Open Source Python API to Add OCR to PDF Files
Free Python OCR API to Automates the OCR Process and Facilitates the Conversion of Scanned Image PDFs into fully Searchable Documents.
What is OCRmyPDF?
OCRmyPDF is a versatile, open-source Python library and command-line tool, purpose-built to add Optical Character Recognition to existing PDF files with exceptional accuracy. It intelligently analyzes each page to determine the optimal colorspace and resolution, ensuring no original content is lost. Supporting a wide array of input formats—including scanned images, standard PDFs, and DjVu files—it operates on an "image plus text" principle to produce high-quality, searchable outputs while preserving the document's original structure and formatting.
Powered by the robust Tesseract OCR engine, which supports over 100 languages, OCRmyPDF delivers precise text recognition even from low-quality or distorted images. It enhances document quality with image processing features like deskew and employs PDF optimization techniques such as compression to reduce file size without sacrificing integrity. The library enables the straightforward generation of searchable PDF/A files and offers comprehensive features like text layer control and automated batch processing. This makes it an invaluable, efficient tool for businesses, researchers, and archivists managing large volumes of scanned documents.
Getting Started with OCRmyPDF
The recommend way to install OCRmyPDF is using pip. Please use the following command for a smooth installation.
Install OCRmyPDF via pip
pip install ocrmypdf You can also install it manually; download the latest release files directly from GitHub repository.
PDF optimization using Python API
The open source OCRmyPDF library has provided support a very useful features to manage the size and quality of PDF documents inside Python applications. The library employs PDF optimization techniques to reduce file size while maintaining the highest possible quality. By applying compression and down-sampling, it ensures that the resulting OCR-enabled PDF files are both efficient to store and quick to load. OCRmyPDF provides several optimization options that you can customize based on your requirements. Some commonly used options include removing temporary files, applying JBIG2 compression, skipping adding the OCR, disabling lossless compression to maximize file size reduction and so on.

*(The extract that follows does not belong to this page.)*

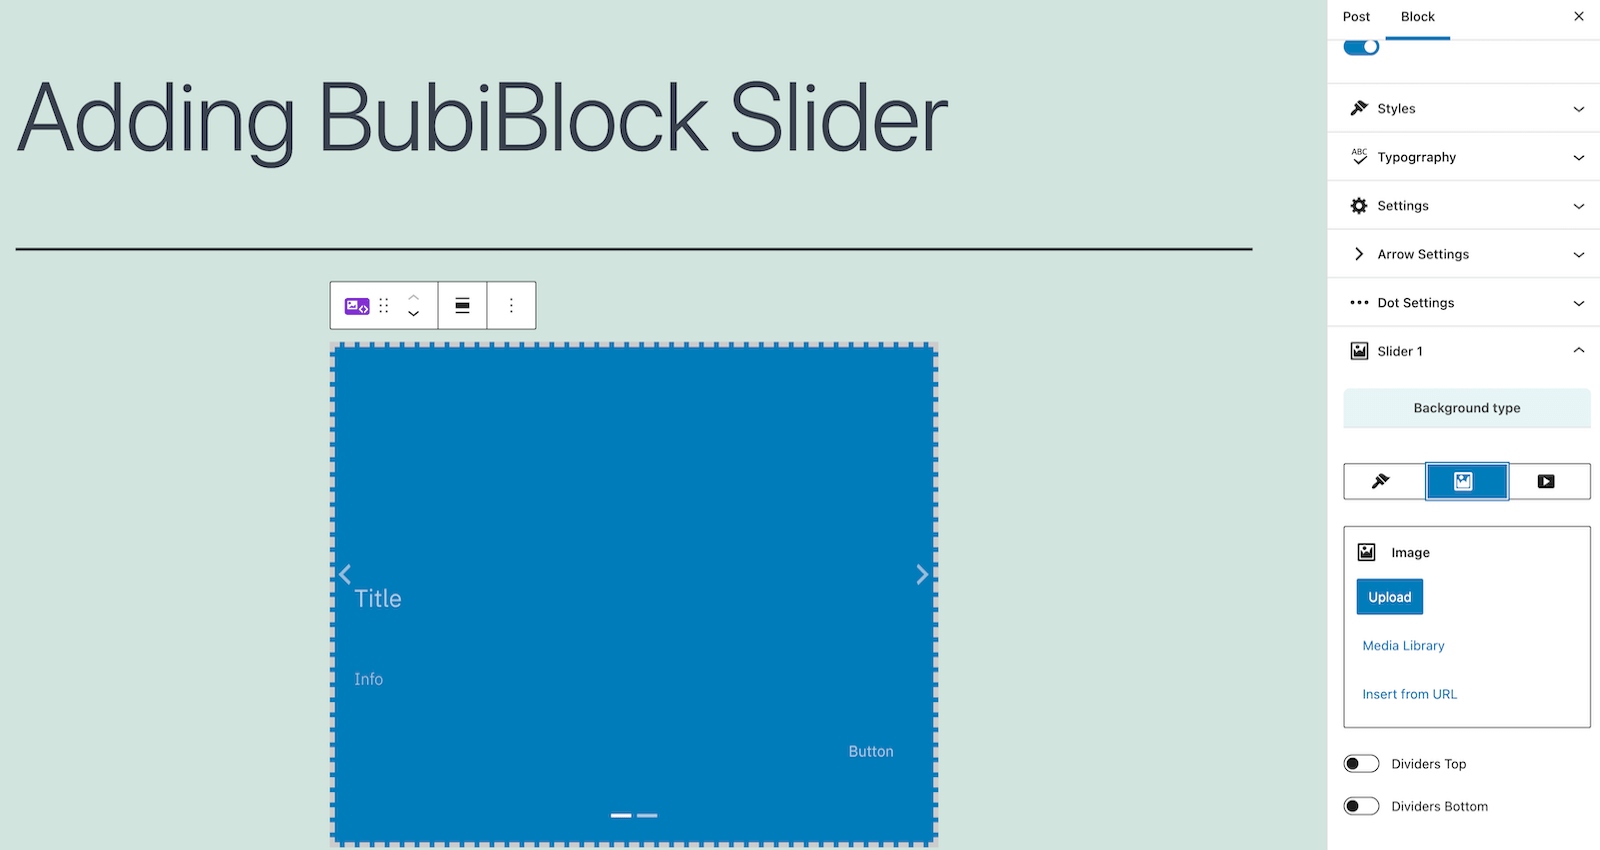 Adding BubiBlock Slider
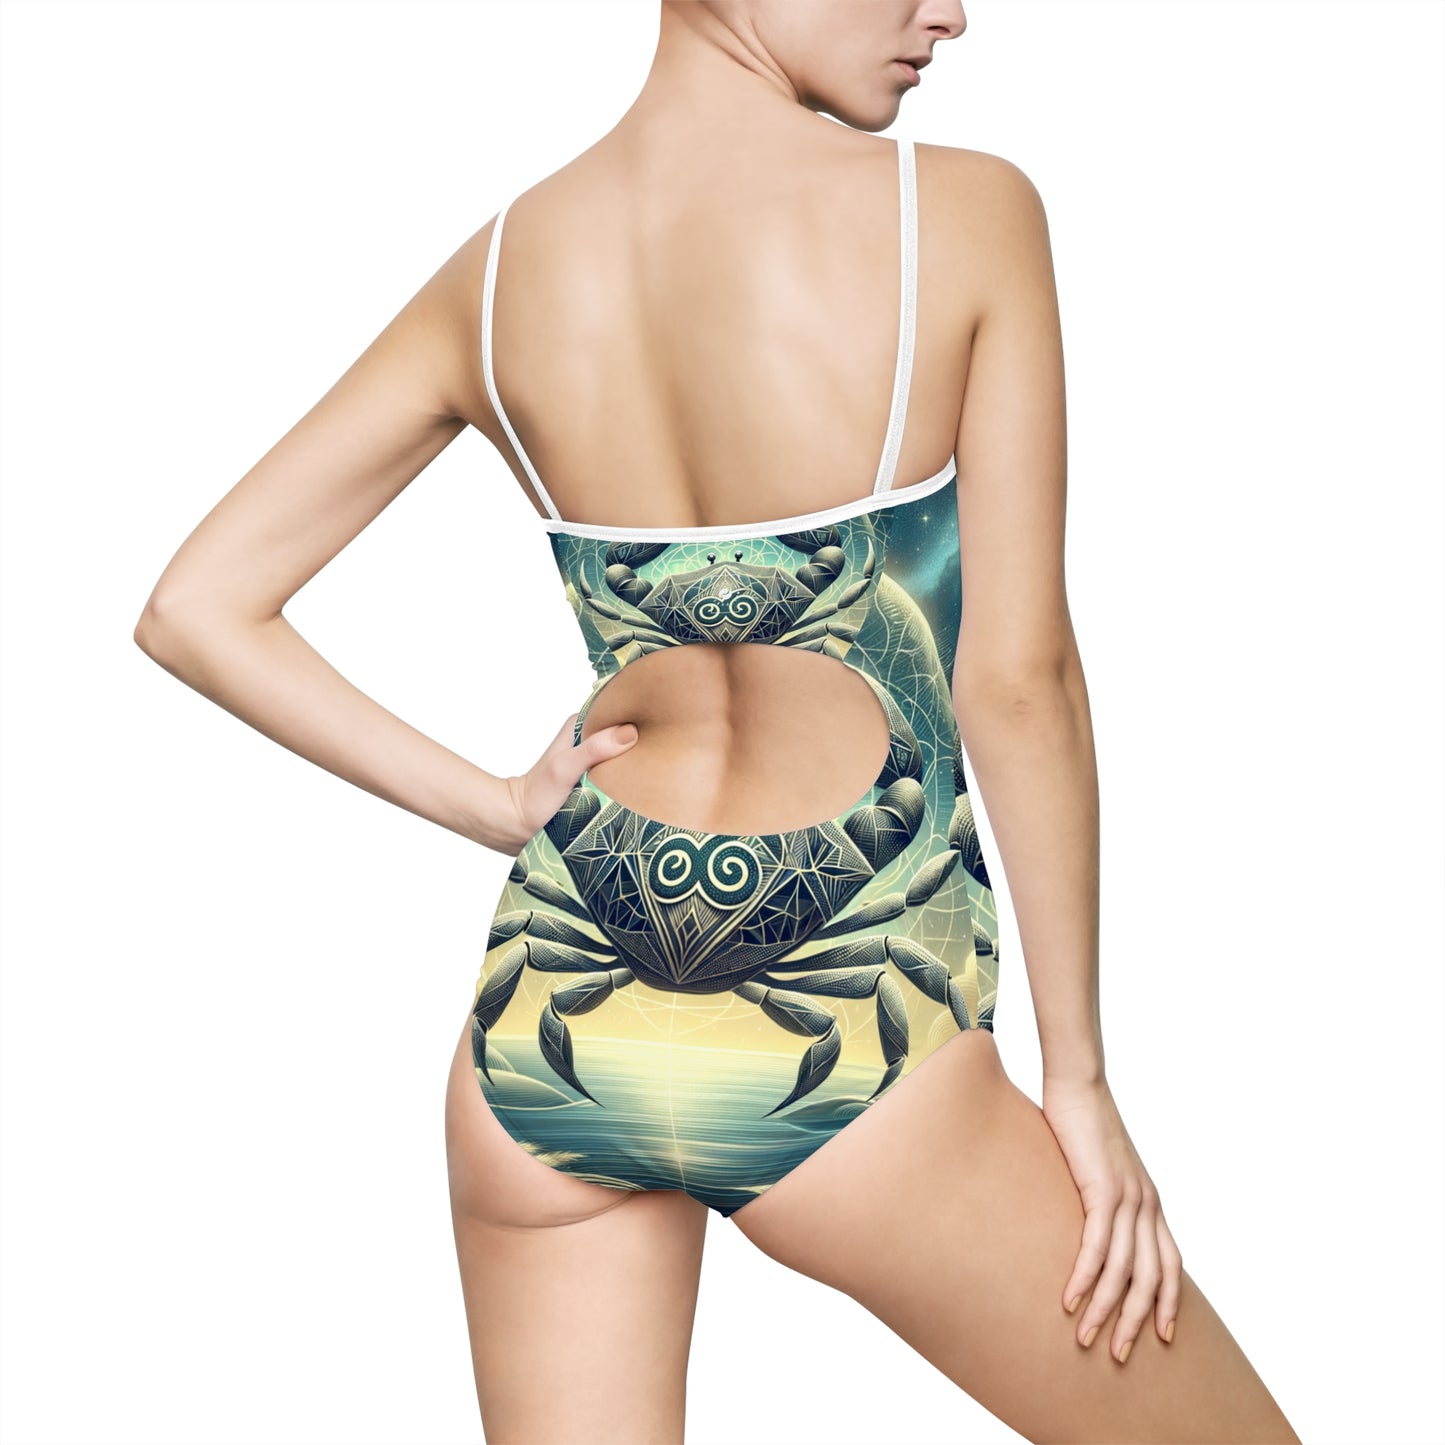 Crab Constellation Yoga - Openback Swimsuit

How to Optimize PDF Files using Python API?
import subprocess
def optimize_pdf_with_ocrmypdf(input_pdf_path, output_pdf_path):
try:
# OCRmyPDF command with optimization options
command = ['ocrmypdf', '-l', 'eng', '--pdf-renderer', 'hocr', '--optimize', '0', input_pdf_path, output_pdf_path]
# Execute the OCRmyPDF command
subprocess.run(command, check=True)
print("PDF optimization complete!")
except subprocess.CalledProcessError as e:
print(f"OCRmyPDF error: {e}")
# Example usage
input_pdf_path = 'input.pdf'
output_pdf_path = 'output.pdf'
optimize_pdf_with_ocrmypdf(input_pdf_path, output_pdf_path)
PDF Text Layer Integration via Python API
OCRmyPDF, an open-source library, provides a powerful solution for integrating text layers into PDF files, enhancing document accessibility and search-ability. The library adds a text layer containing OCR-generated text directly onto the PDF document, ensuring the preservation of the original layout. This feature enables full-text searching, copy-pasting, and text extraction. When working with PDF documents, having a text layer integrated within the file is highly advantageous. The text layer contains the recognized OCR-generated text, making the PDF searchable and allowing for easy copying and extraction of text. This integration preserves the original document layout while enabling text-based operations, enhancing document usability and efficiency.